Most of us lie by saying “I’m fine” to our colleagues, when we actual feeling miserable. We lie when we coo, “what a beautiful baby!” while inwardly marvelling at its resemblance to an alien life form.
At one time or another, we have all simulated anger, sadness, or delight to fit with the expectations of others. We have exaggerated our accomplishments during job interviews. Some of us have even said “I love you” when we don’t mean it. Just about everyone has faked enthusiasm for somebody else’s below average cooking.
Sound familiar? The uncomfortable truth is that humans lie almost from the moment they are born.
Dr Vasudevi Reddy, of the University of Portsmouth’s psychology department, found examples of deceptive behaviour among children less than a year old. She observed a baby girl reaching her arms out to her mother, before backing away at the last second, laughing her head off (I have been the victim of this particular trick, as executed by my daughter).
Nor do we help matters, telling our children that lying is bad and then insisting they look grateful for the soap-on-a-rope Grandma has given them for their birthday.
Society would break down if we couldn’t rely on most people to tell the truth - yet it would also break down if we only ever told the truth
Almost as soon as children learn to talk, they use words to deceive. They start telling the simplest of lies between the ages of two and three, before moving to more sophisticated untruths between three and four. This is not something to be worried about: developmental psychologists regard it as a sign of social intelligence.
For the most part, children and adults tell ‘little white lies’ - fairly harmless everyday fibs designed to spare feelings. These are what keep the wheels of our society turning.
The paradox is that society would break down if we couldn’t rely on most people to tell the truth, most of the time - yet it would also break down if we only ever told the truth.
There would be fights on street corners. Families would be torn apart. There is good reason to give these little white liars a free pass.
There are other types of liar, however, who we don’t forgive so easily. We give a hard time to dissemblers; experts at twisting words, judiciously omitting information, creating ambiguity and crafting deniability. Certain jobs seem to demand this skill: estate agents, lawyers and politicians all rely on it.
The politicians who tell us, truthfully, that we need to make hard choices tend not to be the ones who become popular, whereas the ones who tell us we can have our cake and eat it fare far better with voters.
Even less defensible are compulsive liars, who cannot help but tell fantastical whoppers, and constantly regale people with stories that plainly aren’t true. Compulsive liars have become addicted to self-glorifying fibs because they are deeply insecure. They get a kick purely out of telling a lie. They usually hurt nobody but themselves - unless by happenstance they end up in positions of real power.

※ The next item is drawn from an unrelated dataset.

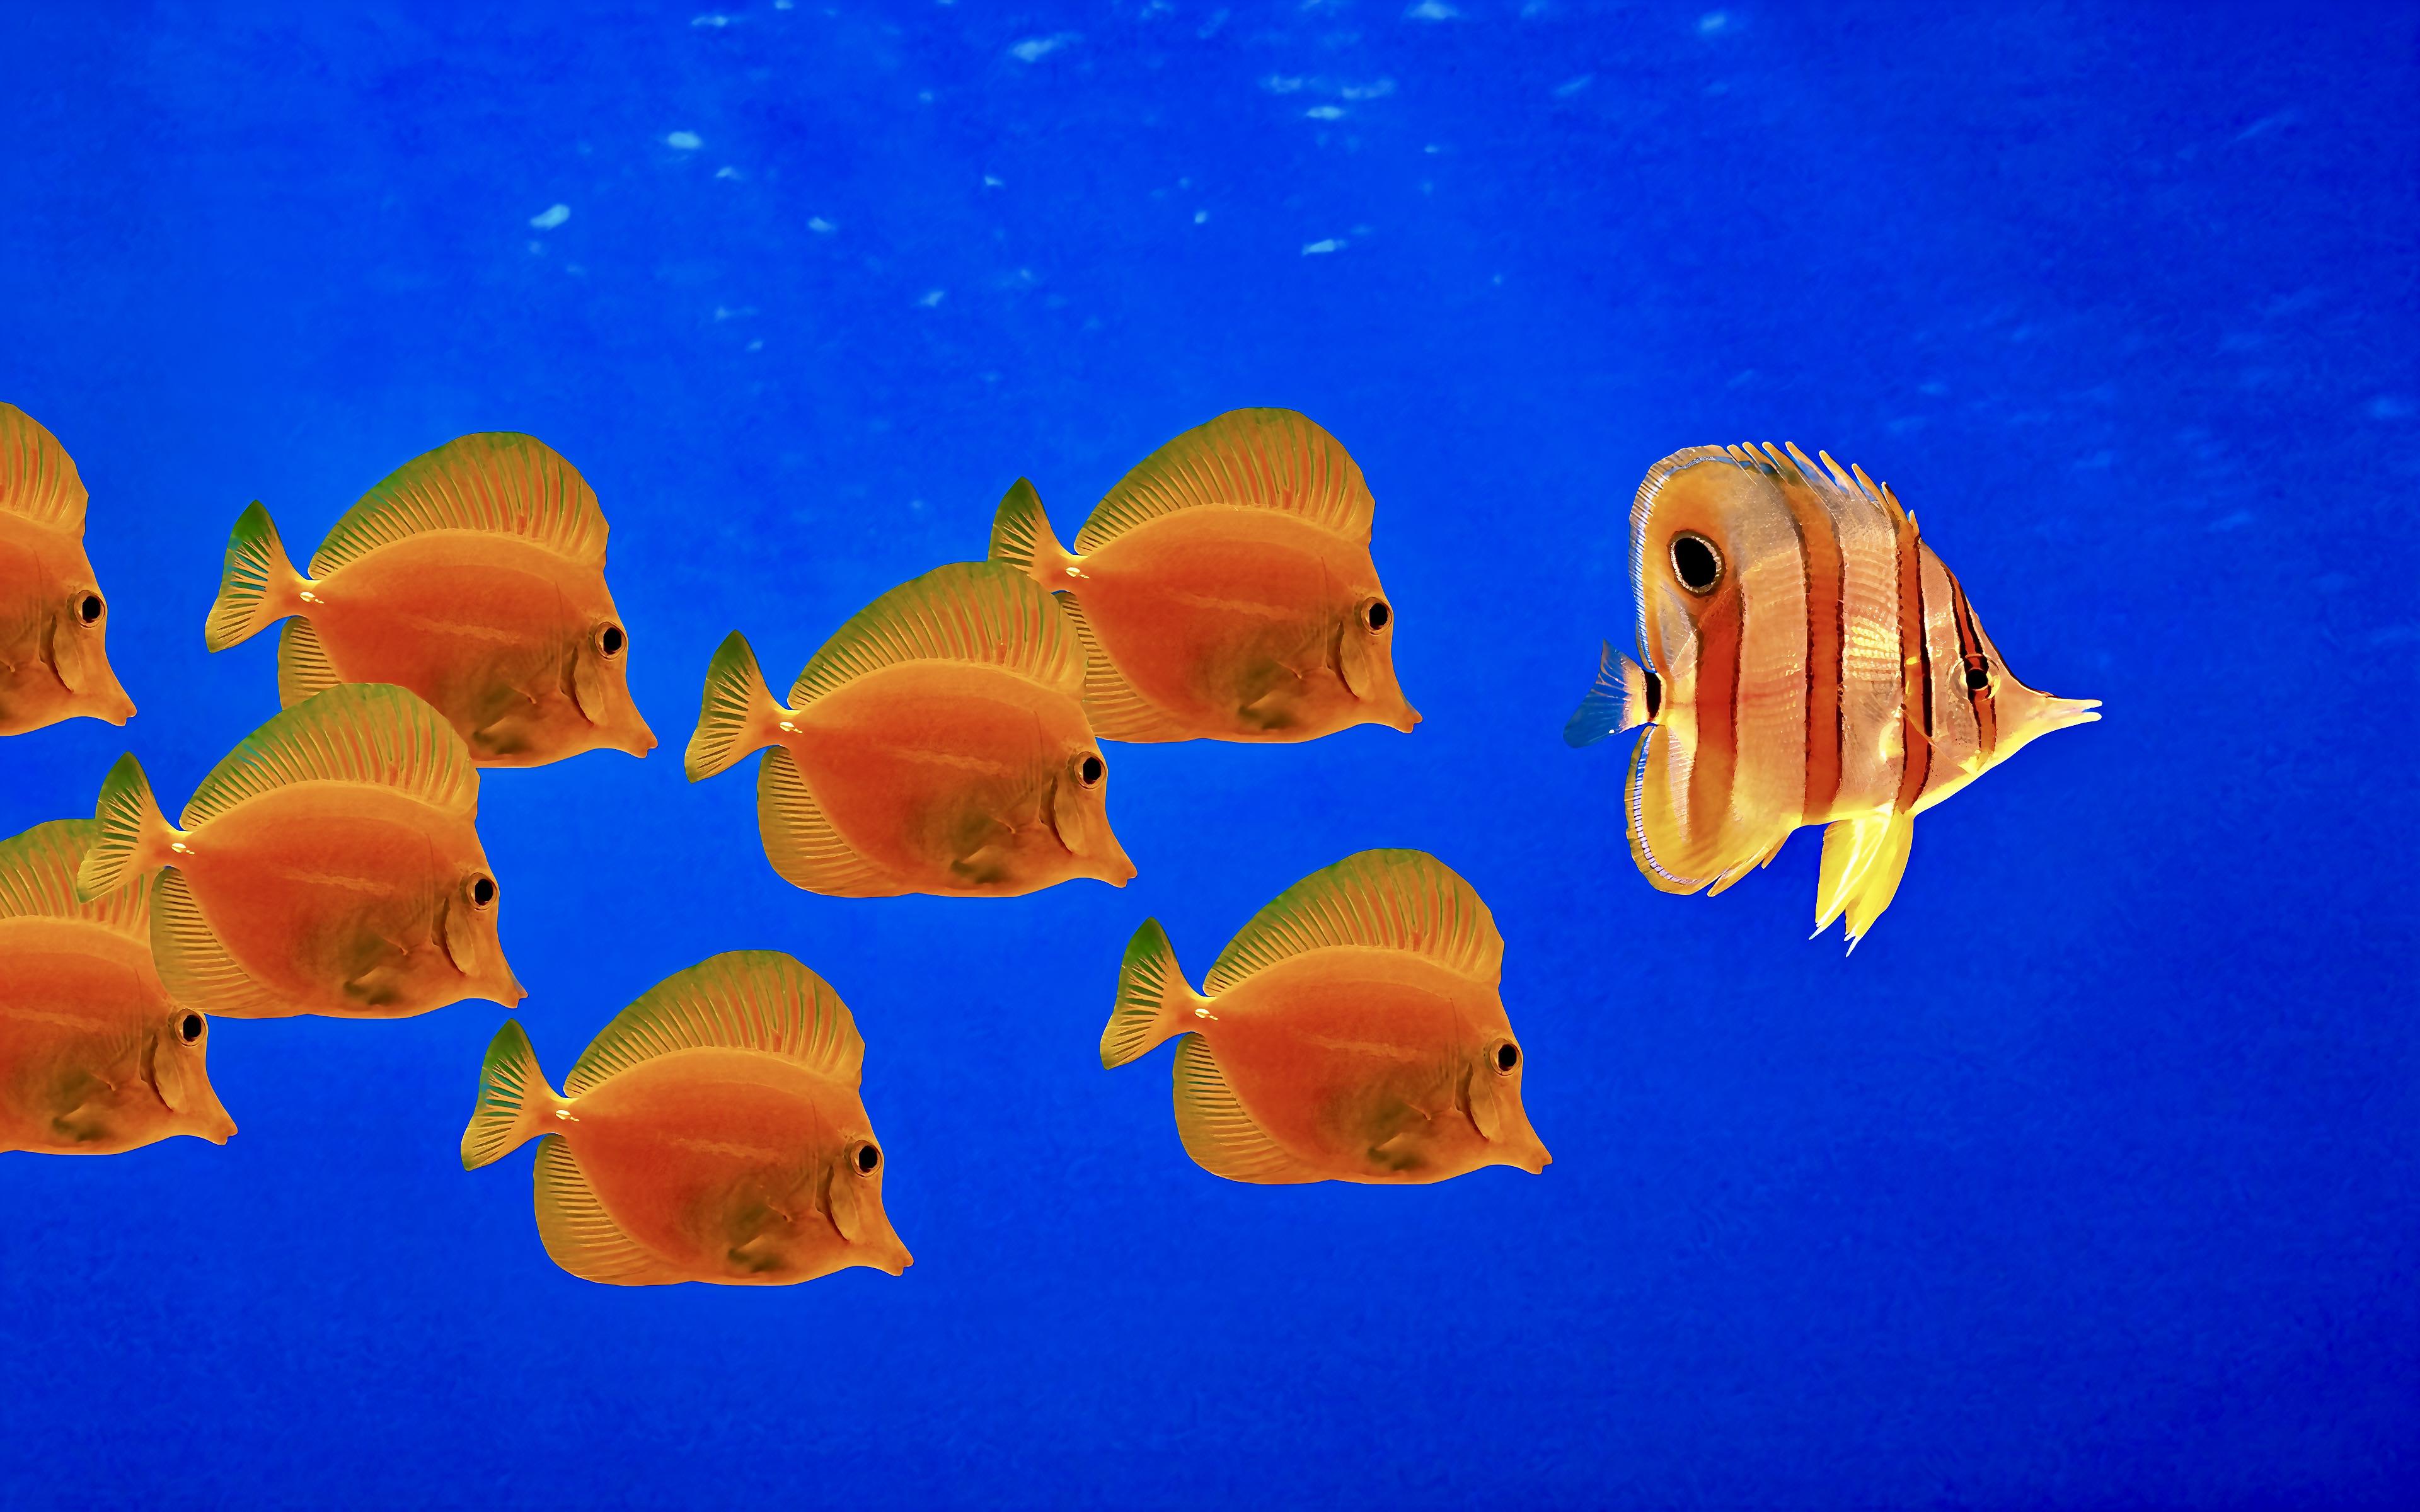 General 3840x2400 Windows XP underwater water minimalism fish animals simple background
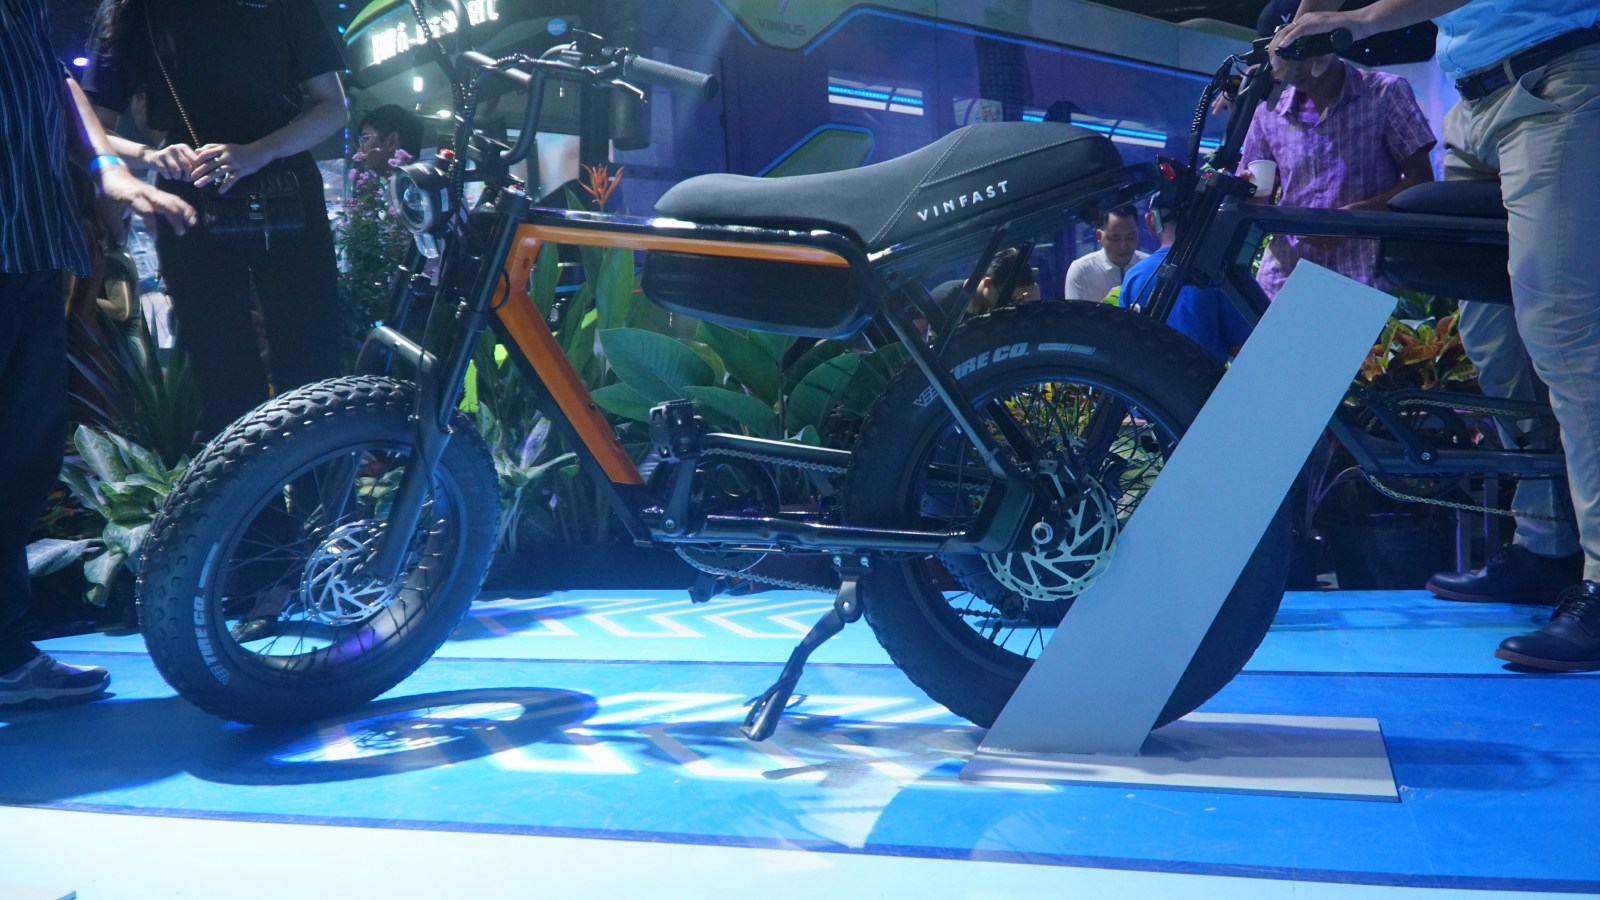 VinFast lần đầu ra mắt xe đạp điện: Dáng xe máy, tốc độ 32 km/h, pin có thể tháo rời - Ảnh 7.

Pathological liars have powerful equipment for fibbing and no compunction whatsoever about doing so
Pathological liars (sometimes called psychopathic liars) are a different breed again; colder and more calculating. They lie with specific, self-serving goals, and are regarded by those unfortunate enough to cross their paths as manipulative, cunning and egotistical - usually after they’ve got what they wanted. They can be charming and credible, and wreak great damage on their victims.
It is these sorts of liars who regularly grab the headlines; think financial fraudster Bernie Madoff or American con man Frank Abagnale - immortalised by Leonardo DiCaprio in 2002 film Catch Me If You Can - who posed as a doctor, airline pilot, teacher and lawyer and became infamous in the 1960s for passing bad cheques worth about $2.5m in 26 countries. Theirs are entire lives built on lies, and whose deceptions negatively impact others, too.
A few years ago, neuroscientists carried out a study on the brains of pathological liars, and constructed a questionnaire designed to test for the condition. Their subjects came from the books of a temporary employment agencies in Los Angeles, as pathological liars find it difficult to hold down long term jobs. The short term gains from their lies usually catch up with them, and they live itinerant lives, constantly moving on to new workplaces, new relationships, new prey.
The neuroscientists discovered that the brains of pathological liars have more ‘white matter’. Loosely speaking, this is the area of the brain responsible for making quick connections. The more white matter, the faster a person’s stream of thought and the higher their verbal fluency - enhancing their ability for manipulation. The brains of pathological liars are fed by a constant supply of inventive untruths.
Previous studies had revealed that psychopaths also have low activity in the emotional parts of their brains – and thus little or no empathy for the effect their lies have on others. Pathological liars, in other words, have powerful equipment for fibbing, and no compunction whatsoever about doing so, making them particularly dangerous.
We might all lie, but at least the majority of us have the grace to feel a little bit bad about it, even when it comes from a good place. So next time you catch yourself telling a tall story or throwaway fib, ask yourself what sort of liar you are. Honestly? The answer might surprise you.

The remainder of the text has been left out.